• **REQUIRED ACTION**:
Copy, from the data below, each line that has the word "locali".

Stored records:

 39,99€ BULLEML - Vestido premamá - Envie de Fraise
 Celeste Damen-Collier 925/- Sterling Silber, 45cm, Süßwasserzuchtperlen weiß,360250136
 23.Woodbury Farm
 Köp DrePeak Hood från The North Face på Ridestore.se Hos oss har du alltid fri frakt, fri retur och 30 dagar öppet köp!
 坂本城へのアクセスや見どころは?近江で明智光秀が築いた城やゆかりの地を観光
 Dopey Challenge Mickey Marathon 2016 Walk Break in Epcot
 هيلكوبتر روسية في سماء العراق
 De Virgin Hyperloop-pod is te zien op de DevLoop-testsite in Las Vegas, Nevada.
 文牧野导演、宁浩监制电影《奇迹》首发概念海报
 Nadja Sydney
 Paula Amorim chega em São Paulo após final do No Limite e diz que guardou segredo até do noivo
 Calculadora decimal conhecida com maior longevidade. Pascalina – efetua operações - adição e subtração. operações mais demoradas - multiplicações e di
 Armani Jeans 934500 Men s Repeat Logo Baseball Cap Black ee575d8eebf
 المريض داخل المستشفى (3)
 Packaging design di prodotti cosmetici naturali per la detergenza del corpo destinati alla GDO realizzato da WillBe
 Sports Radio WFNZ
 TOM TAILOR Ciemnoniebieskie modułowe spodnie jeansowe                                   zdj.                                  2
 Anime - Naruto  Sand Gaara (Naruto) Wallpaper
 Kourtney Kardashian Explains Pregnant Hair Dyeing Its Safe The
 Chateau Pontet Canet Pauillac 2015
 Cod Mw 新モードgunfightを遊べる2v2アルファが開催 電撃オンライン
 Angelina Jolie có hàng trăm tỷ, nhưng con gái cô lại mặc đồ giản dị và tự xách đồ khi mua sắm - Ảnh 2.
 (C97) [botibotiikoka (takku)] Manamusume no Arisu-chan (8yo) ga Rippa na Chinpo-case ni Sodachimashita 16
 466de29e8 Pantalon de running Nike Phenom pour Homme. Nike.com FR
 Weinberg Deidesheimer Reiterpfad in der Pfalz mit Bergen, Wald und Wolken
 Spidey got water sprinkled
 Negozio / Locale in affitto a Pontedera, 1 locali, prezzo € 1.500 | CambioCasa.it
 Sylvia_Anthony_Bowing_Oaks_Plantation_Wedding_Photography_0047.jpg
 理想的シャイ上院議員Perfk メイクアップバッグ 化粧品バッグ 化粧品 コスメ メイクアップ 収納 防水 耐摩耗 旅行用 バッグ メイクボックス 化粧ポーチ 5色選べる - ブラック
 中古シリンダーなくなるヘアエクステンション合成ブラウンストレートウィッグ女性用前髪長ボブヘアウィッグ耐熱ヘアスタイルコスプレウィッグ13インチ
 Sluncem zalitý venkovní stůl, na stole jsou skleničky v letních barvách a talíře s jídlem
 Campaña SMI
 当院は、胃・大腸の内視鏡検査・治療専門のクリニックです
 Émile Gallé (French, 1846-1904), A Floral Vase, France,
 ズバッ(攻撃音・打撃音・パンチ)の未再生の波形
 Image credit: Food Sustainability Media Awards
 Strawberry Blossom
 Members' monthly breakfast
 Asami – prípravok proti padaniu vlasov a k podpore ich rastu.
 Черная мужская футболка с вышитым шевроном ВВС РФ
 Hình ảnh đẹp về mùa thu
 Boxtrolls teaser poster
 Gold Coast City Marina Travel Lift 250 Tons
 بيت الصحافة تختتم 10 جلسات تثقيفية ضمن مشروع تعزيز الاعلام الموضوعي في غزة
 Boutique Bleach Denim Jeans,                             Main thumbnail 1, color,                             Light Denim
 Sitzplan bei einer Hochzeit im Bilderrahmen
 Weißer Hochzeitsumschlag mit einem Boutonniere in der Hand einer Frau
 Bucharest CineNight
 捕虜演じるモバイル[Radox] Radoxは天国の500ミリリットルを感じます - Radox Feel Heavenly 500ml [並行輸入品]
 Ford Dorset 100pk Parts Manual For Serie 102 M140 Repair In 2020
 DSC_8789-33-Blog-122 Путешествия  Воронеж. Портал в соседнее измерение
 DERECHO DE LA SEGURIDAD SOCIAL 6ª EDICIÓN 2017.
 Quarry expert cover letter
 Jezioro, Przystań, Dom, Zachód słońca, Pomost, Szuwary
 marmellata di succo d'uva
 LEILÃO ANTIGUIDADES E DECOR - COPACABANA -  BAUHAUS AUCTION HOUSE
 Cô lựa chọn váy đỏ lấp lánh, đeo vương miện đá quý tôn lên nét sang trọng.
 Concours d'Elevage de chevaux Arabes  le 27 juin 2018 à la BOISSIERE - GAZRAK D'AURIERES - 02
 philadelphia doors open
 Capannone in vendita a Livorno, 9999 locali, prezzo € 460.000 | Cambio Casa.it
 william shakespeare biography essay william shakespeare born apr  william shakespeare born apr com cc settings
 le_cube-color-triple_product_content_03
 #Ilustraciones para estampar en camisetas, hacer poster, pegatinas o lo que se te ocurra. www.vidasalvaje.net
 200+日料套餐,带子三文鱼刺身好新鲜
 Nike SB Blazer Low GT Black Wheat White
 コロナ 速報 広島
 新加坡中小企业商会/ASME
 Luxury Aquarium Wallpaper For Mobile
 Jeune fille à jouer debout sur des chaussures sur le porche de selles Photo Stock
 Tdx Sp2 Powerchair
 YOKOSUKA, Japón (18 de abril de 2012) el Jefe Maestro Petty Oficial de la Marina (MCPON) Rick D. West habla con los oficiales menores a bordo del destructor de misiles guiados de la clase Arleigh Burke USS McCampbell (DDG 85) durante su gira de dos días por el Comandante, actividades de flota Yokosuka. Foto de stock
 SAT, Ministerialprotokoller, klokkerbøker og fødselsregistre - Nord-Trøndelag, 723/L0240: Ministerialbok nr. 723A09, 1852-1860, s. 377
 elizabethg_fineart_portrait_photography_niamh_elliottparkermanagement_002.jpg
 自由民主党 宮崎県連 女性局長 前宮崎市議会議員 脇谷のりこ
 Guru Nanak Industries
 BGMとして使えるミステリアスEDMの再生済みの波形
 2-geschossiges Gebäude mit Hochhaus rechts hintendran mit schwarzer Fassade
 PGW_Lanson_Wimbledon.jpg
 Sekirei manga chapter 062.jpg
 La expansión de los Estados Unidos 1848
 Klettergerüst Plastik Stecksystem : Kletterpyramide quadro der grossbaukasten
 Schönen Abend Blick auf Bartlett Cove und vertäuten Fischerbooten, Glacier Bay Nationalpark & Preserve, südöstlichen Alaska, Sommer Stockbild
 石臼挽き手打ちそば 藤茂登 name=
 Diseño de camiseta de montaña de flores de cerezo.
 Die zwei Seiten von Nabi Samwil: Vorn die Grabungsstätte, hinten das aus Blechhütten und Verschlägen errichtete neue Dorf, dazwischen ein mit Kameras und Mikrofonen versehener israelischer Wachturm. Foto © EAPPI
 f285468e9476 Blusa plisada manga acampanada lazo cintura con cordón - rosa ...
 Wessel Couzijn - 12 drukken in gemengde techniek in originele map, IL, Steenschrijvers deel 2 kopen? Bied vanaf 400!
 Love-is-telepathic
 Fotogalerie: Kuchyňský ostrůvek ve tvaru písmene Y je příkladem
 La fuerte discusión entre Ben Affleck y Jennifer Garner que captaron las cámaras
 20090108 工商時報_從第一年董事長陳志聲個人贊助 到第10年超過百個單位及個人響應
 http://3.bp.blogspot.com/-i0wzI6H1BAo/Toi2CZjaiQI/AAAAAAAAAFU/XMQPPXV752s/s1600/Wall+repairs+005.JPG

• **ANSWER AREA**:
 Negozio / Locale in affitto a Pontedera, 1 locali, prezzo € 1.500 | CambioCasa.it
 Capannone in vendita a Livorno, 9999 locali, prezzo € 460.000 | Cambio Casa.it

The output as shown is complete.